Since it was my first internship, my first day was nervewracking yet exciting. Each of us, were required to give a 10-minute presentation about ourselves. I presented on my family background, hobbies, my home country of India and the preliminary research I had done on biomaterials and nanotechnology before the internship. After our presentations, we were welcomed to the program by the director of the internship, Professor Miryala and the professors of each department.

My two-week journey into the realm of science had begun in the Department of Material Science and Engineering!

On my first day in the lab, Prof. Matsumura and his college students showed me around the lab and explained my assigned research topic, the science of honeycomb structures. Honeycomb structures are hexagonal structures known for their high strength-to-weight ratio, and have applications in everything from airplanes all the way down to bathroom floors.

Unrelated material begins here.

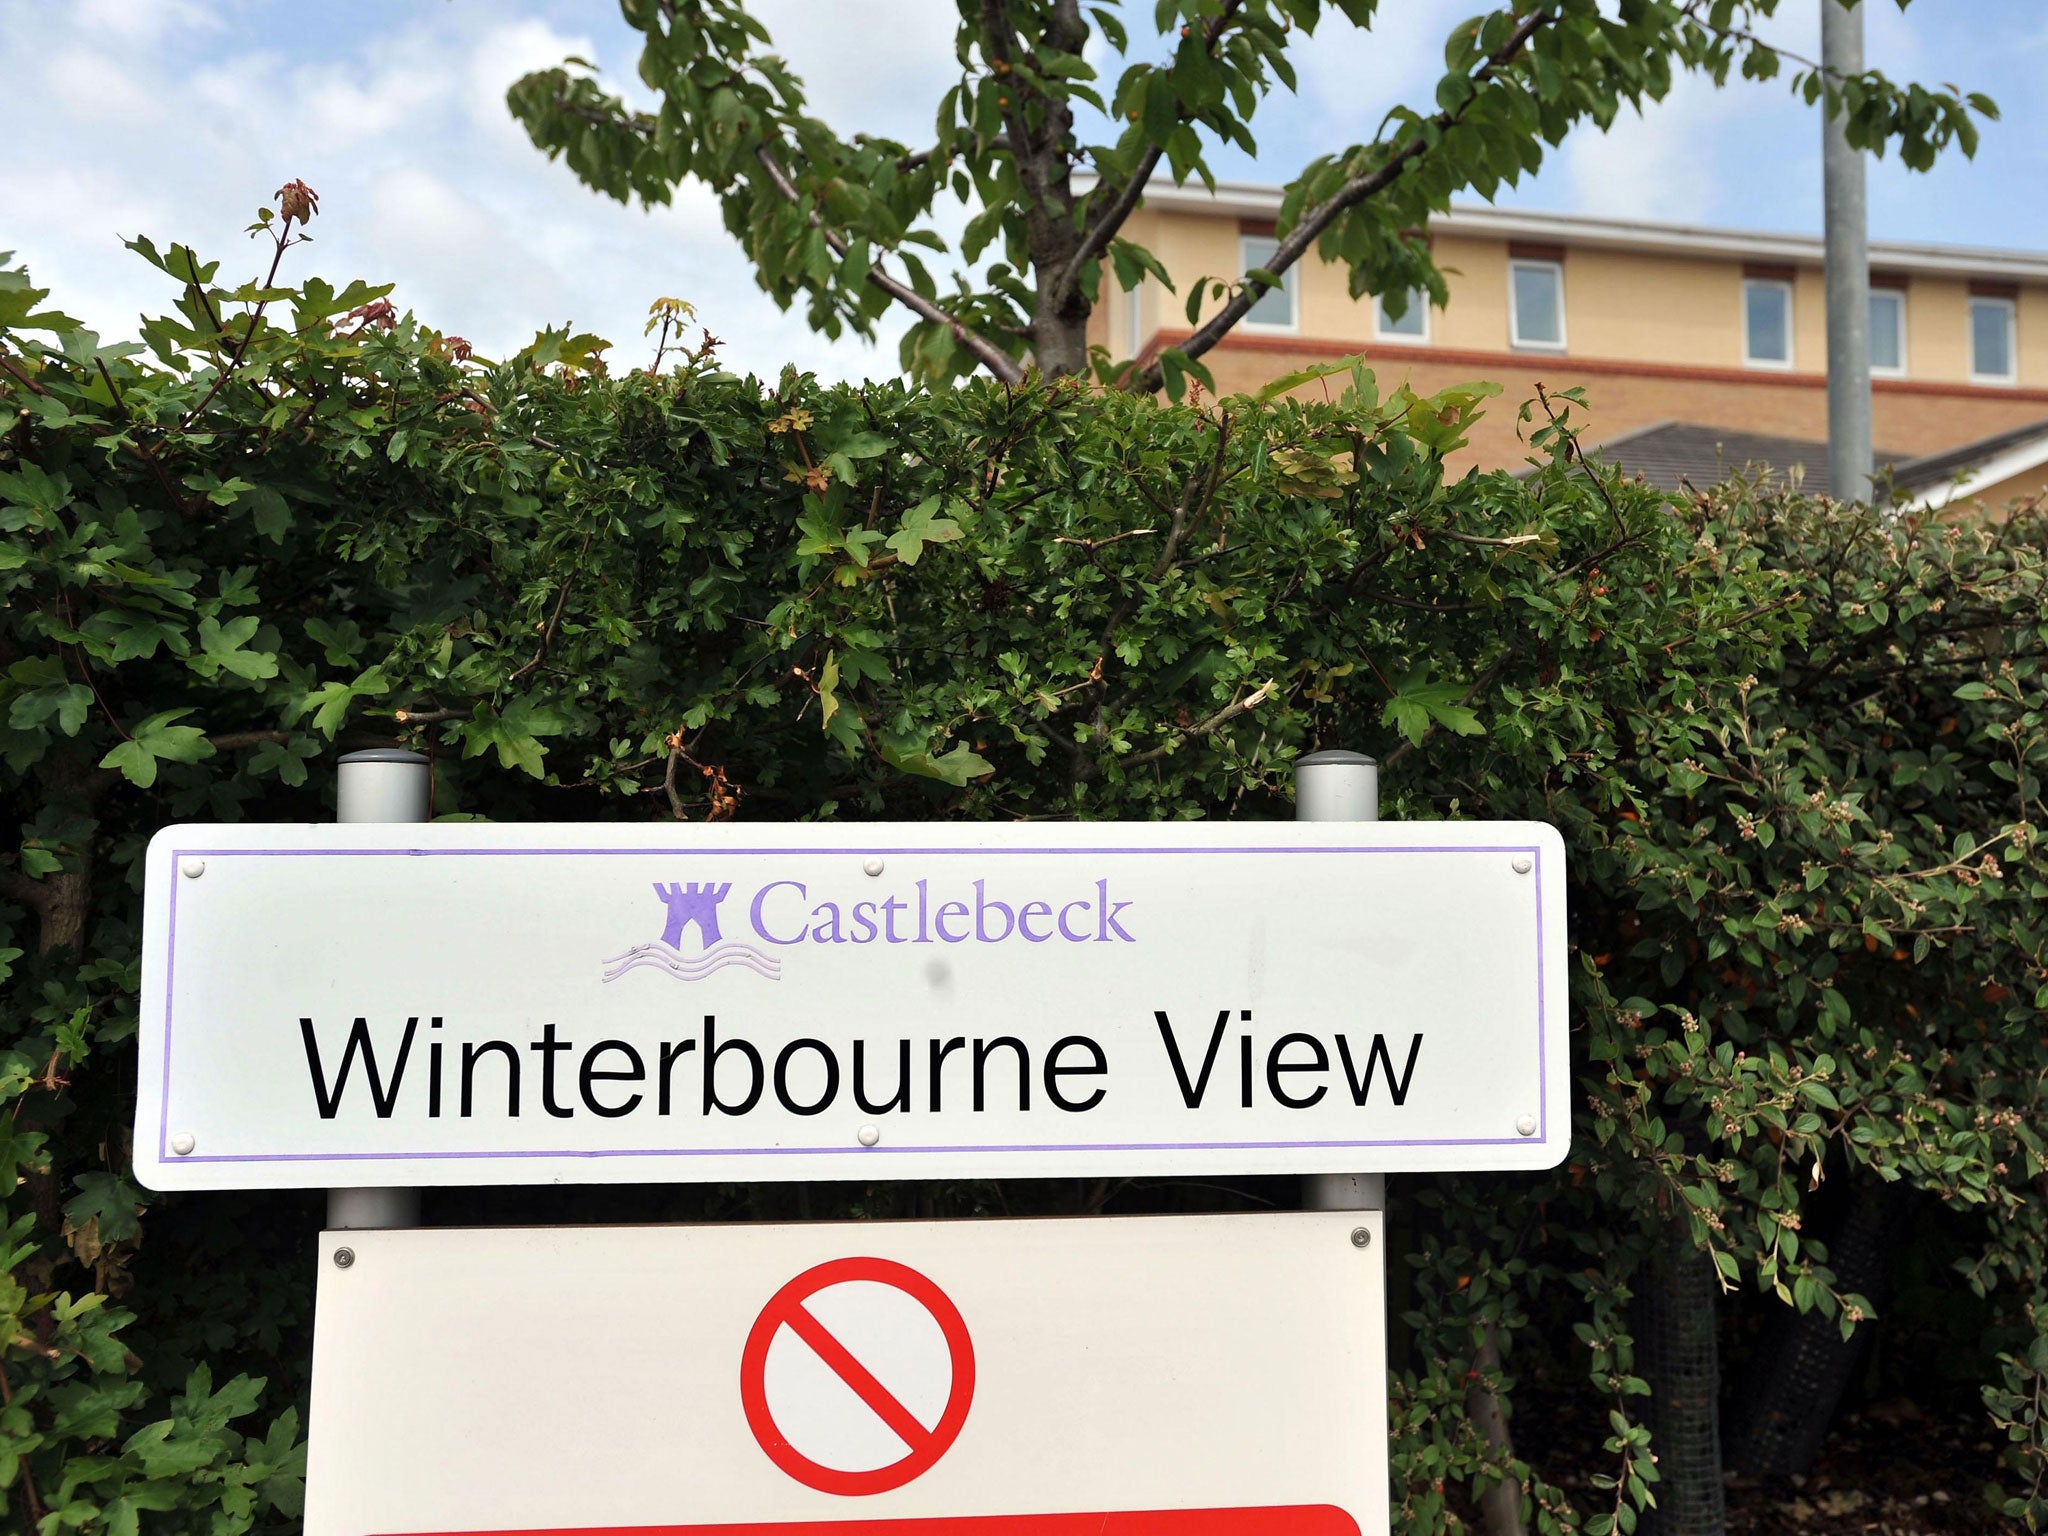 Over 3,000 people are still living as patients in hospitals, one year on from Government commitments to transform adult social care in the wake of the Winterbourne View abuse scandal

My mentor, a fourth year college student, whom we all lovingly called “Kagawa,” (after a famous soccer player in Japan that he looked like) helped me make my first polymer film with a honeycomb structure. We made this under standard conditions, which meant at a temperature of 25°C, a solution concentration consisting of 10 molecules of PLA for every molecule of DOPE (the chemicals we used to make our honeycomb structure) at a relative humidity of 85-90%.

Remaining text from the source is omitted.